Importantly, make your claims about your artifacts concrete. This is especially important if you think that these claims differ from the expectations set up by your paper. The AEC is still going to evaluate your artifacts relative to your paper, but your explanation can help to set expectations up front, especially in cases that might frustrate the evaluators without prior notice. For example, tell the AEC about difficulties they might encounter in using the artifact, or its maturity relative to the content of the paper.
Packaging Methods
Authors should consider one of the following methods to package the software components of their artifacts (although the AEC is open to other reasonable formats as well):
- Source Code: If your artifact has few dependencies and can be installed easily on several operating systems, you may submit source code and build scripts. However, if your artifact has a long list of dependencies, please use one of the other formats below.
- Virtual Machine/Container: A virtual machine or Docker image containing the software application already set up with the right toolchain and intended runtime environment. For example:
- For raw data, the VM would contain the data and the scripts used to analyze it.
- For a mobile phone application, the VM would have a phone emulator installed.
- For mechanized proofs, the VM would contain the right version of the relevant theorem prover. We recommend using a format that is easy for AEC members to work with, such as OVF or Docker images. An AWS EC2 instance is also possible.
- Binary Installer: Indicate exactly which platform and other run-time dependencies your artifact requires.
- Live Instance on the Web: Ensure that it is available for the duration of the artifact evaluation process.
- Internet-accessible Hardware: If your artifact requires special hardware (e.g., GPUs or clusters), or if your artifact is actually a piece of hardware, please make sure that AEC members can somehow access the device. VPN-based access to the device might be an option.
Preparation Sources
There are several sources of good advice about preparing artifacts for evaluation:
- HOWTO for AEC Submitters, by Dan Borowy, Charlie Cursinger, Emma Tosch, John Vilk, and Emery Berger
- Artifact Evaluation: Tips for Authors, by Rohan Padhye
- SIGOPS articles on award winning artifacts [1] and [2]
- Github CSArtifacts Resources
Badging Process FAQ
Is participation in the badging process mandatory?
No. Participation in the badging process is voluntary. Please choose which badges you wish to apply for in the AD/AE Appendices Form.

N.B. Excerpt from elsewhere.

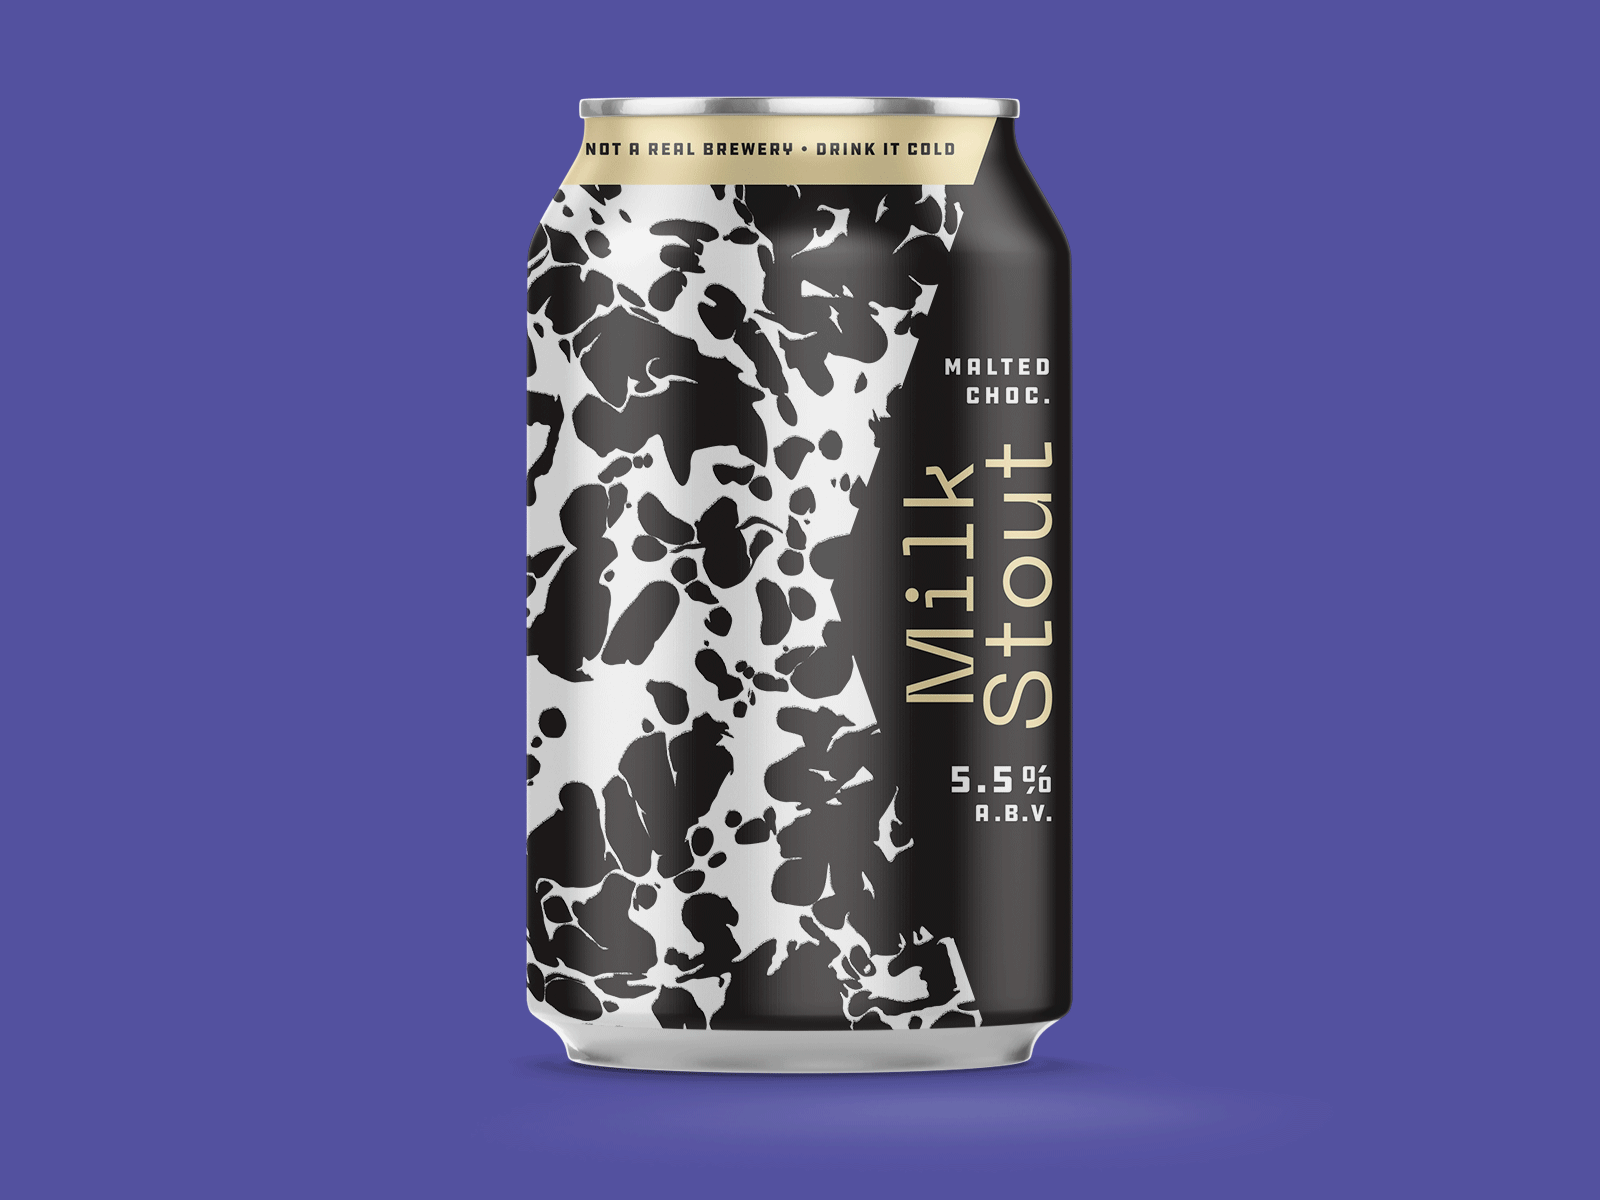 #notarealbrewery 6 pack beer branding brewery craft beer design milk stout packaging stout typography

Artifact Evaluation will only occur for accepted papers who have applied for an appropriate badge. The badge will be assigned after the artifact evaluation process is over.
What is the set of badge labels that a paper can apply for?
- Artifacts Available
- Artifacts Evaluated-Functional
- Results Reproduced
- No badge
Will SC host the artifacts of reproduced papers?
Authors are responsible to host their artifacts, whether reproduced or not. We suggest using one of the following platforms: Zenodo, FigShare, Dryad, Software Heritage for sharing their artifacts with the AD/AE Committee. The SC Reproducibility Initiative does not have any place to permanently host what we reproduce and/or review. So any work done to badge artifacts will not be hosted on a longer term.